DATASET SECTION:
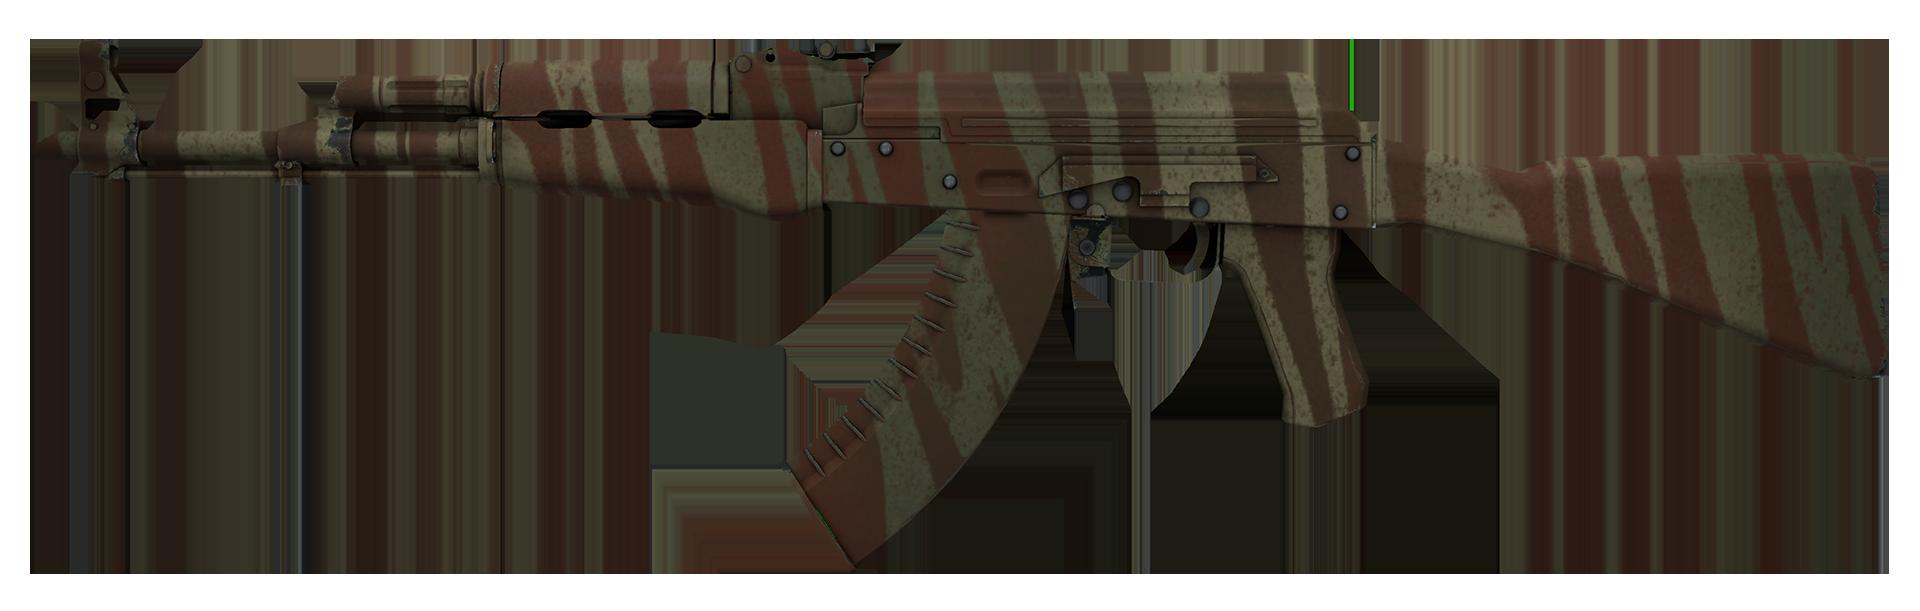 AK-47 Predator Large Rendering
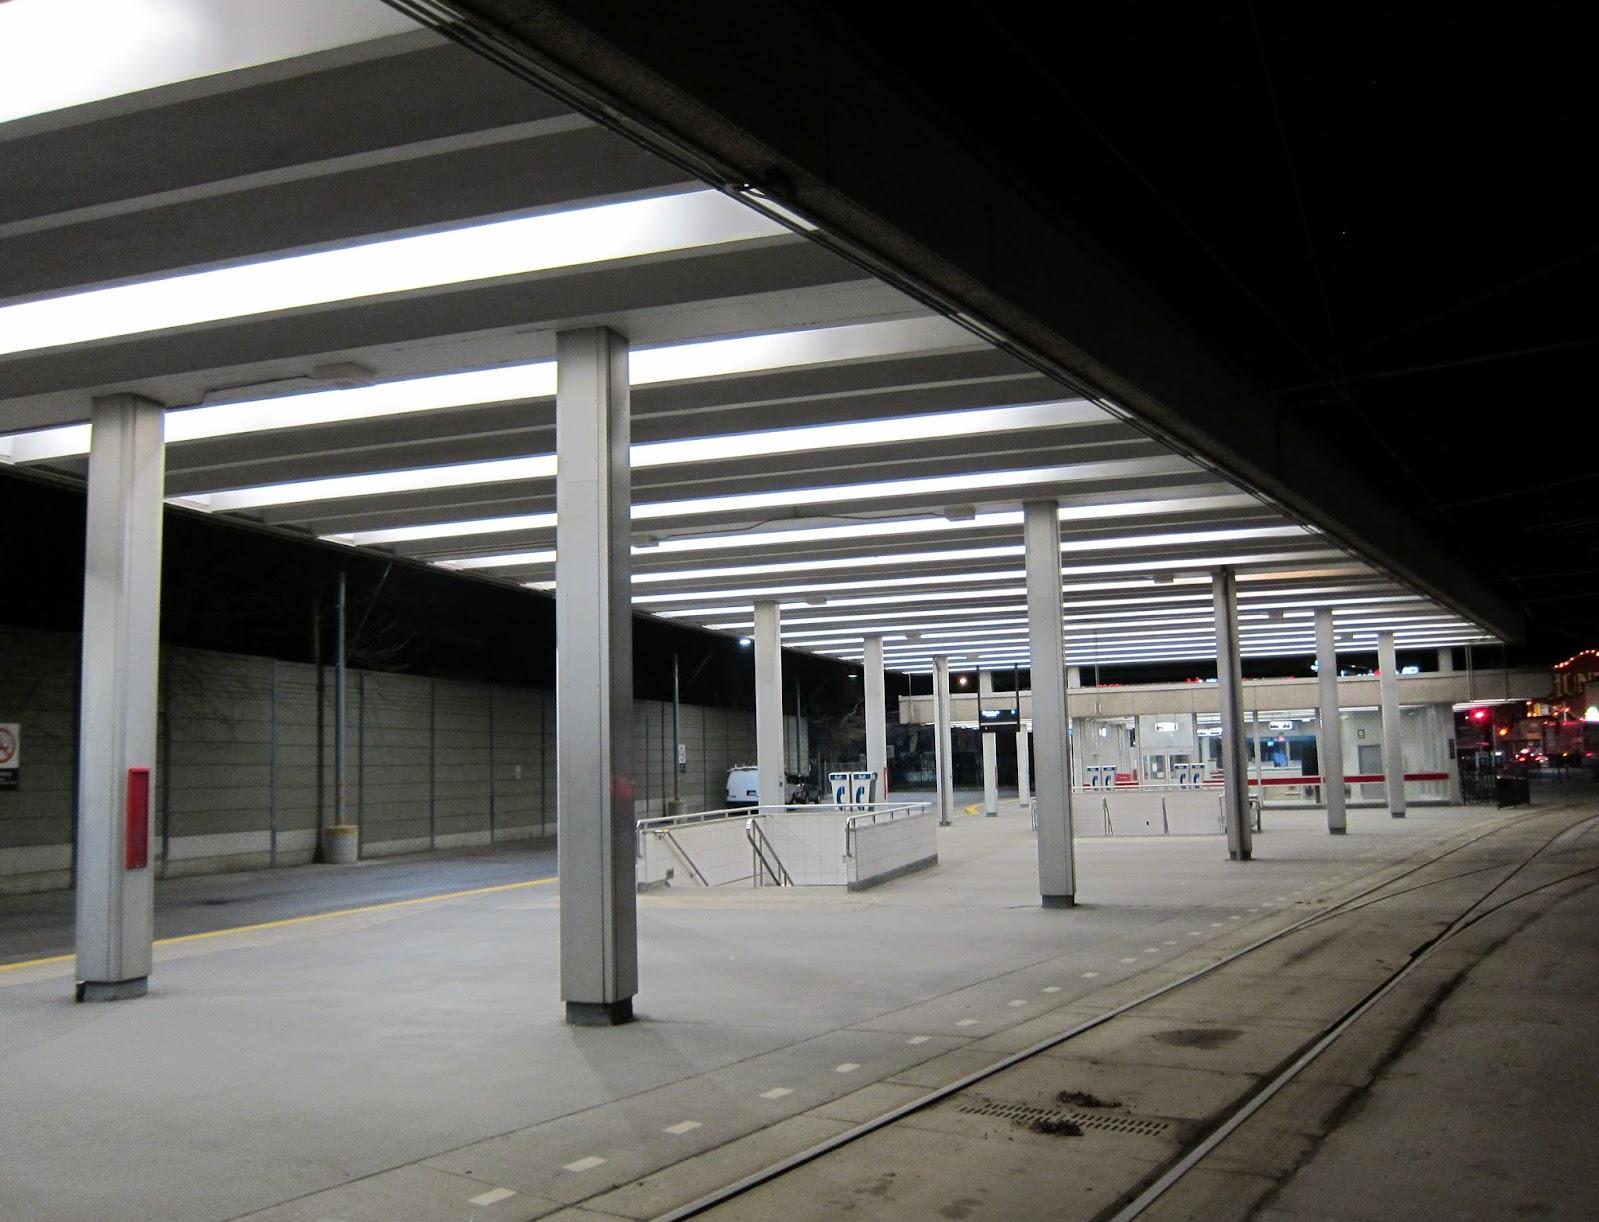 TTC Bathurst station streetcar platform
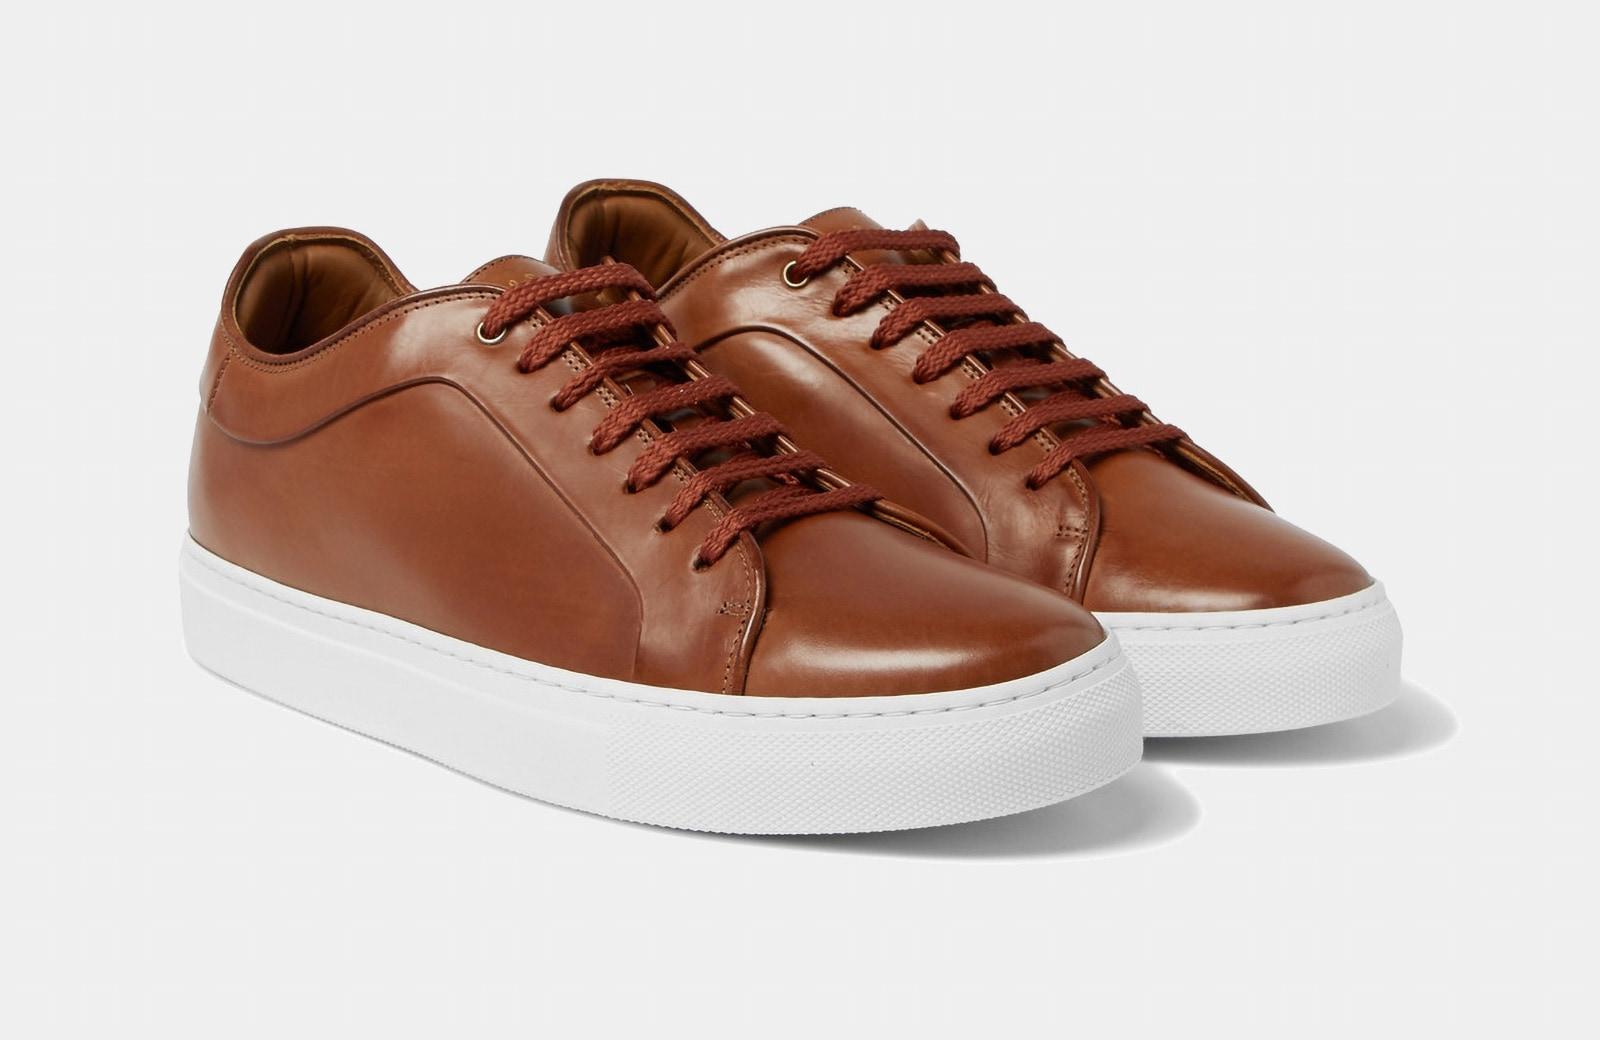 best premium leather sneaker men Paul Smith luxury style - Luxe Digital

TASK TO CARRY OUT: Exact repetition of the data is needed, with no images retained.

TASK RESULT:
 AK-47 Predator Large Rendering
 TTC Bathurst station streetcar platform
 best premium leather sneaker men Paul Smith luxury style - Luxe Digital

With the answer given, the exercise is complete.